Myths of the Norsemen From the Eddas and Sagas
Page: 111Skrymsli warned the parents that he would make a third attempt to secure the child, whereupon they applied in their despair to Loki, who carried the boy out to sea, and concealed him, as a tiny egg, in the roe of a flounder. Returning from his expedition, Loki encountered the giant near the shore, and seeing that he was bent upon a fishing excursion, he insisted upon accompanying him. He felt somewhat uneasy lest the terrible giant should have seen through his device, and therefore thought it would be well for him to be on the spot in case of need. Skrymsli baited his hook, and was more or less successful in his angling, when suddenly he drew up the identical flounder in which Loki had concealed his little charge. Opening the fish upon his knee, the giant proceeded to minutely examine the roe, until he found the egg which he was seeking.

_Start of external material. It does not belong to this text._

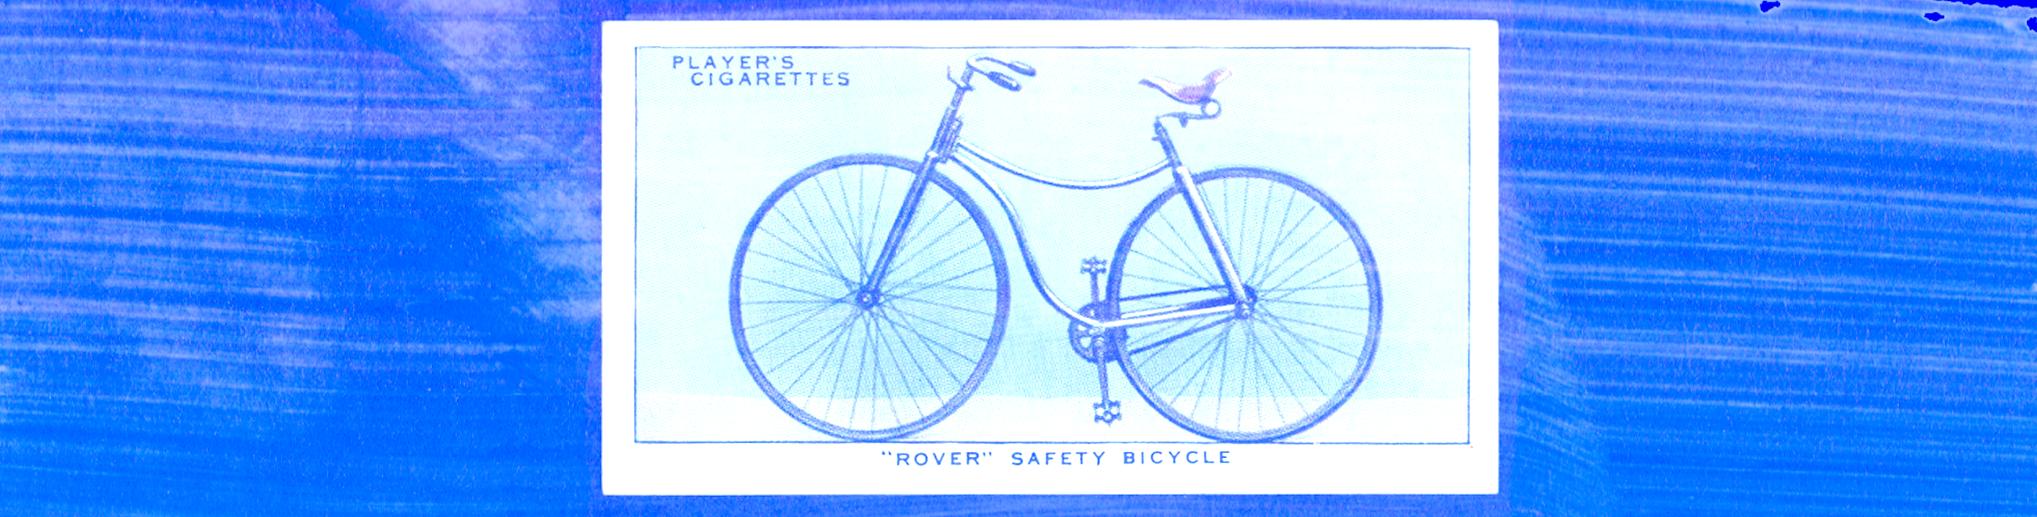 bicicleta plagio shakira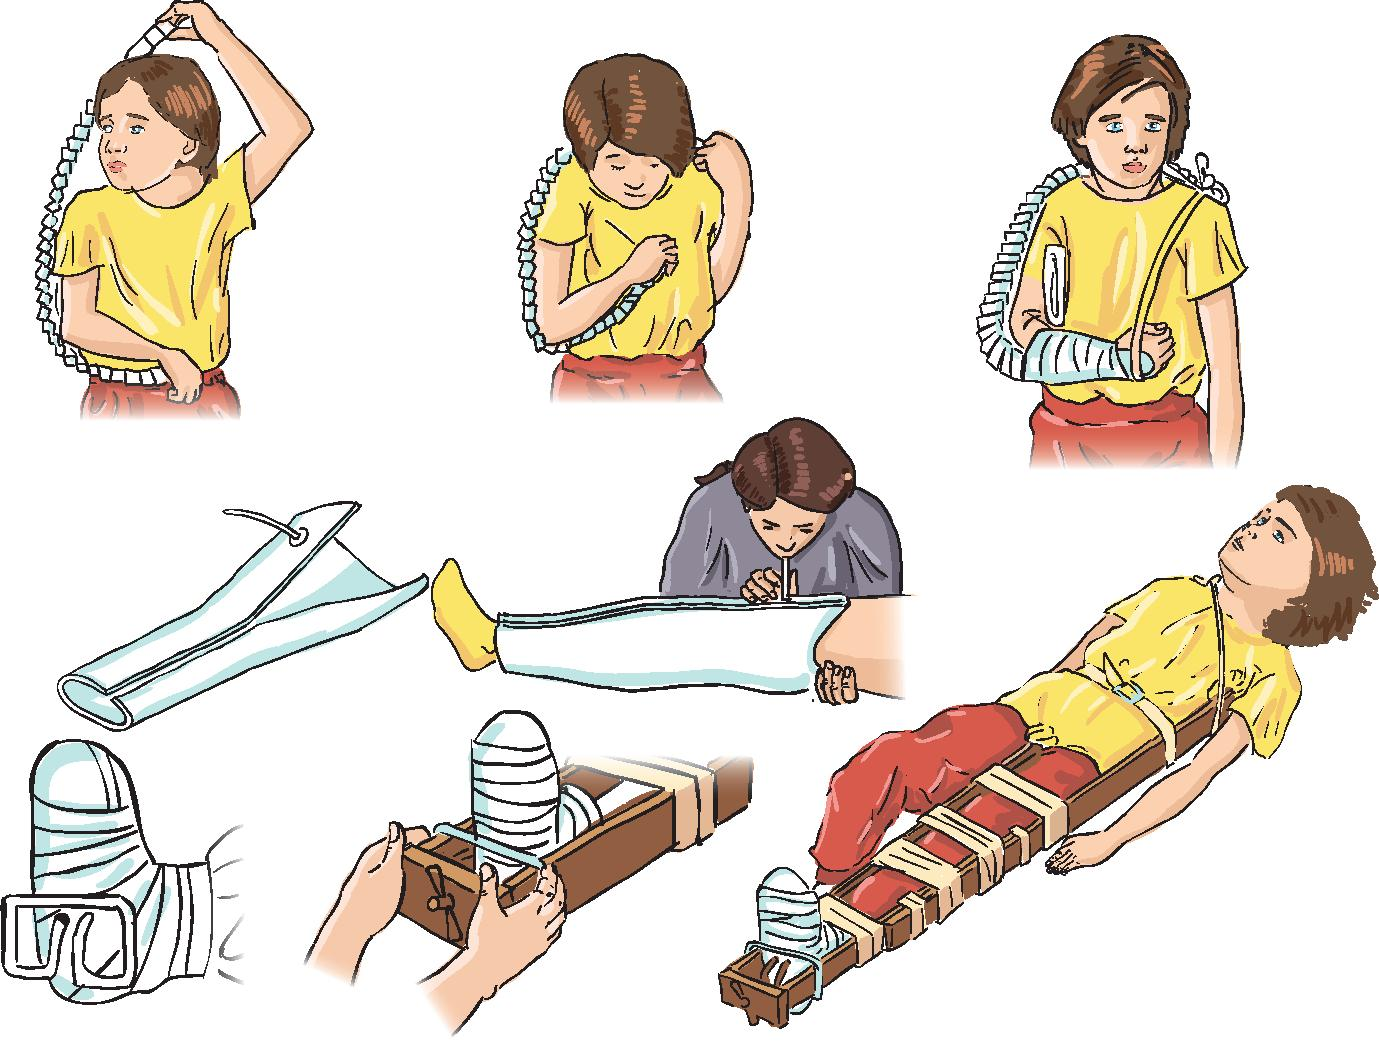 обеспечение неподвижности конечности

The plight of the boy was certainly perilous, but Loki, watching his chance, snatched the egg out of the giant’s grasp, and transforming it again into the child, he instructed him secretly to run home, passing through the boathouse on his way and closing the door behind him. The terrified boy did as he was told immediately he found himself on land, and the giant, quick to observe his flight, dashed after him into the boathouse. Now Loki had cunningly placed a sharp spike in such a position that the great head of the giant ran full tilt against it, and he sank to the ground with a groan, whereupon Loki, seeing him helpless, cut off one of his legs. Imagine the god’s dismay, however, when he saw the pieces join and immediately knit together. But Loki was a master of guile, and recognising this as the work of magic, he cut off the other leg, promptly throwing flint and steel between the severed limb and trunk, and thereby hindering any further sorcery. The peasants were immensely relieved to find that their enemy was slain, and ever after they considered Loki the mightiest of all the heavenly council, for he had delivered them effectually from their foe, while the other gods had lent only temporary aid.
The Giant Architect
Notwithstanding their wonderful bridge Bifröst, the tremulous way, and the watchfulness of Heimdall, the gods could not feel entirely secure in Asgard, and were often fearful lest the frost giants should make their way into Asgard. To obviate this possibility, they finally decided to build an impregnable fortress; and while they were planning how this could be done, an unknown architect came with an offer to undertake the construction, provided the gods would give him sun, moon, and Freya, goddess of youth and beauty, as reward. The gods were wroth at so presumptuous an offer, but when they would have indignantly driven the stranger from their presence, Loki urged them to make a bargain which it would be impossible for the stranger to keep, and so they finally told the architect that the guerdon should be his, provided the fortress were finished in the course of a single winter, and that he accomplished the work with no other assistance than that of his horse Svadilfare.